Of course we’re all brought up to believe death is something unnatural and wrong. Again I say, death is the natural conclusion to life. There’s nothing unnatural about it. It’s the great equalizer in this game we call life. We’re all going to experience it, and we’re all going to have someone close to us die at some point (and it’s going to be painful because nothing can really prepare you for the loss of a loved one – not even poor health or advanced age).

Like I said, grandma and I were close. She was like a second mom to me. When my parents were having problems when I was just a baby, my grandmother was the one who took care of me. I remember going to her house to stay the night and going with her to church. For me it was “story time and doughnuts” (I was only six or seven). When I was eleven, she moved in with us and she lived with us until I went off to college at the age of eighteen. Shortly after that she moved into an apartment to be closer to her friends (since my parents live out of the way). Once she moved, I’d go see her one or two Friday nights a month and we’d play cards and have dinner. This went on until I was twenty-eight.  Admittedly when I got married I didn’t spend as much time as I could with Grandma until she was in her early 90’s. That’s when her health started going. I started going to see her one Friday night a month again. This switched to every Wednesday night and one or two Saturdays a month so she could get her hair done after she stopped driving. The last three years of her life she was in and out of nursing homes and finally put into assisted living where she spent her final days. I spent those last three years spending at least a few hours a week with her.

I think what I’m most thankful for are the hours we spent talking about her life growing up. My grandma was quite the “wild” independent woman in her day. She didn’t marry and have kids until she was in her thirties (which made you an old maid back then). She was actually pretty cool and she is missed every Wednesday and Saturday. For the first month after she died I wasn’t sure what to do with myself. I haven’t had a Wednesday or Saturday for a few years now. ::laugh:: But I’m slowly adjusting, even though there’s still that sense that I’ve forgotten to do something, or something is not quite right. Or I’ll catch myself thinking, “I should get that for grandma.” Or “I have to tell grandma about this!”

What I have are wonderful and happy memories of the time I spent with her (even if she annoyed me at times – I’m sure I annoyed her at times, too) and I will cherish those and share the stories of her life with her great grandchildren. I’ve even been considering writing a memory book and publishing copies for all the grand kids so they’ll always know their great grandma and can share her life with their children as well. It might take me a few years to get the project done, but I do plan on doing it.

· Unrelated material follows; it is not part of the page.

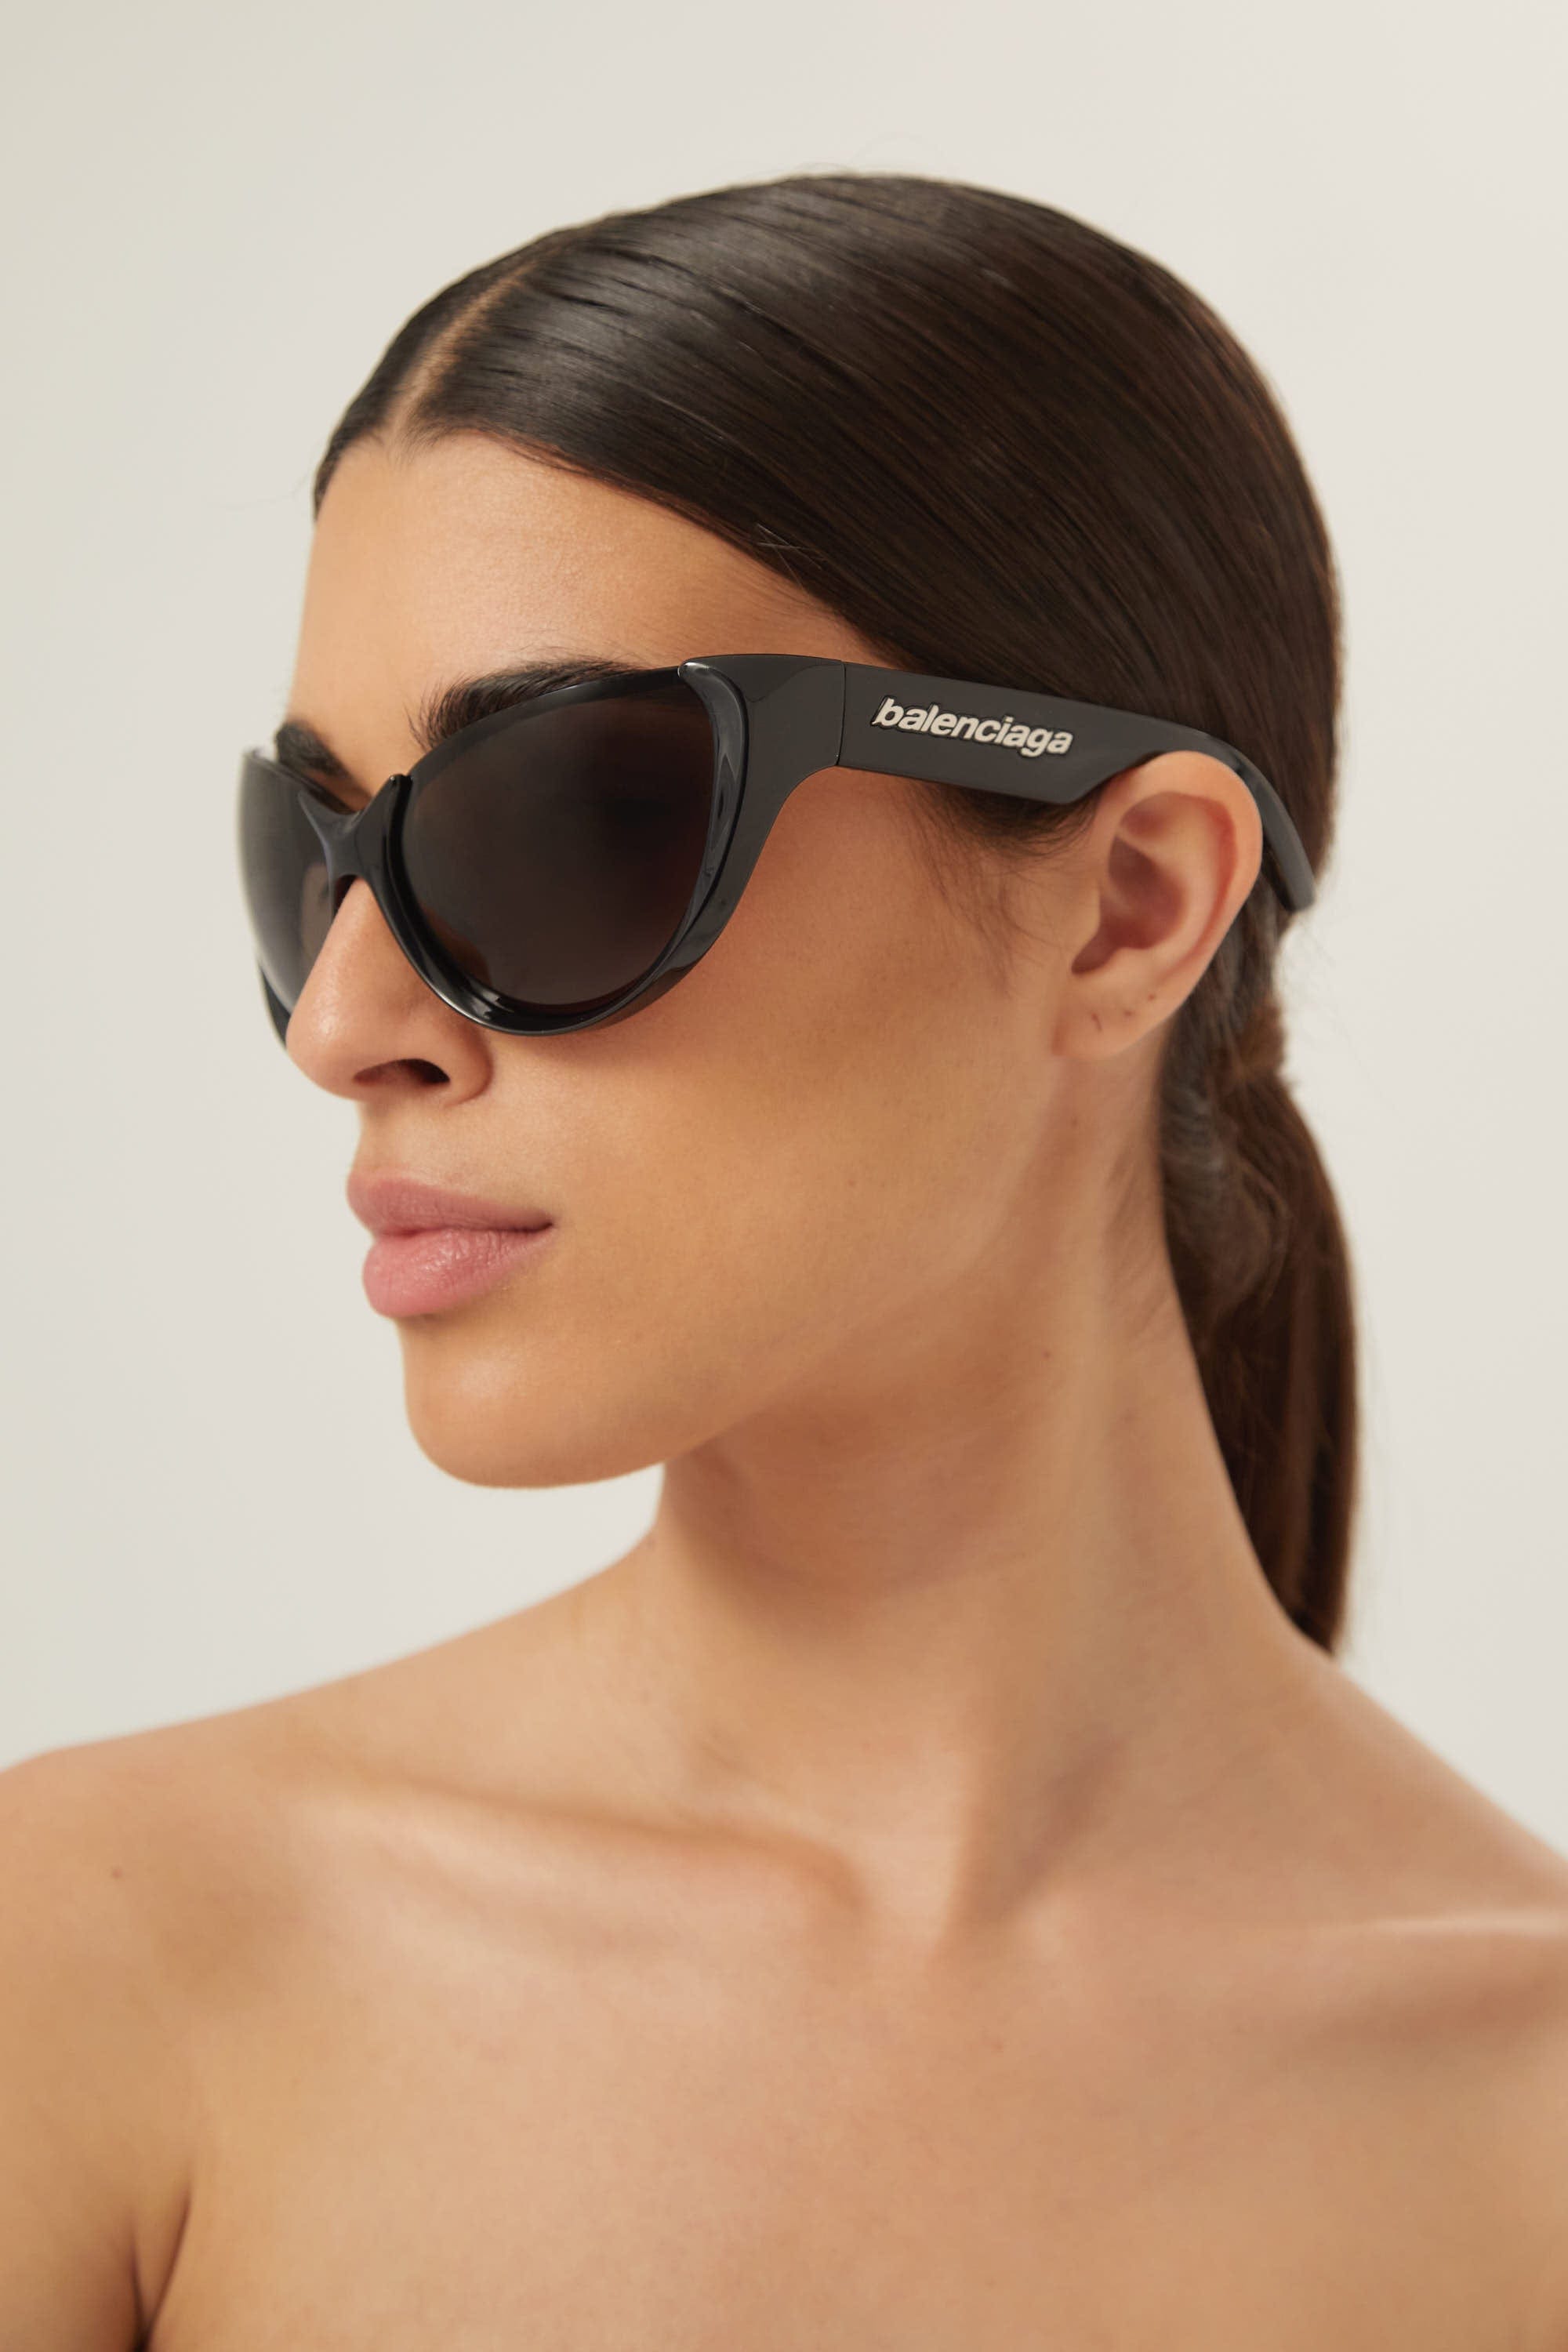 Balenciaga black wrap around sunglasses - Eyewear Club

People’s bodies may die, but their memory lives on in those who knew and loved them and even if the soul crosses the veil to the other side and combines with all that is, the essence of who they were lives on in the lives they touched. RIP Grandma. I love you.

And what does this mean for Honoring Death? It means I’ve discovered I had a lot more to say, which is why the deadline was shoved up and why the January release date is only tentative. I know a lot of people have been waiting for that book and it is coming. Just know that I haven’t forgotten or abandoned it and I hope the extra time I’m taking to add the new material will enhance the book further and give you something to truly look forward to. Necromancy has been a secret passion of mine. I’ve never really bragged on my experience with necromancy since that’s always been a more private aspect of my life. It was initially necromancy (along with divination and supernatural experiences) that sparked my interest in the occult to begin with.  Long before I knew there were other-than-Christian religions there was the matter of me seeing “supernatural spirits” and the spirits of dead animals and birds. Not to mention the family tales of the women of the family (along the matriarchal line) having the ability to see and communicate with the dead.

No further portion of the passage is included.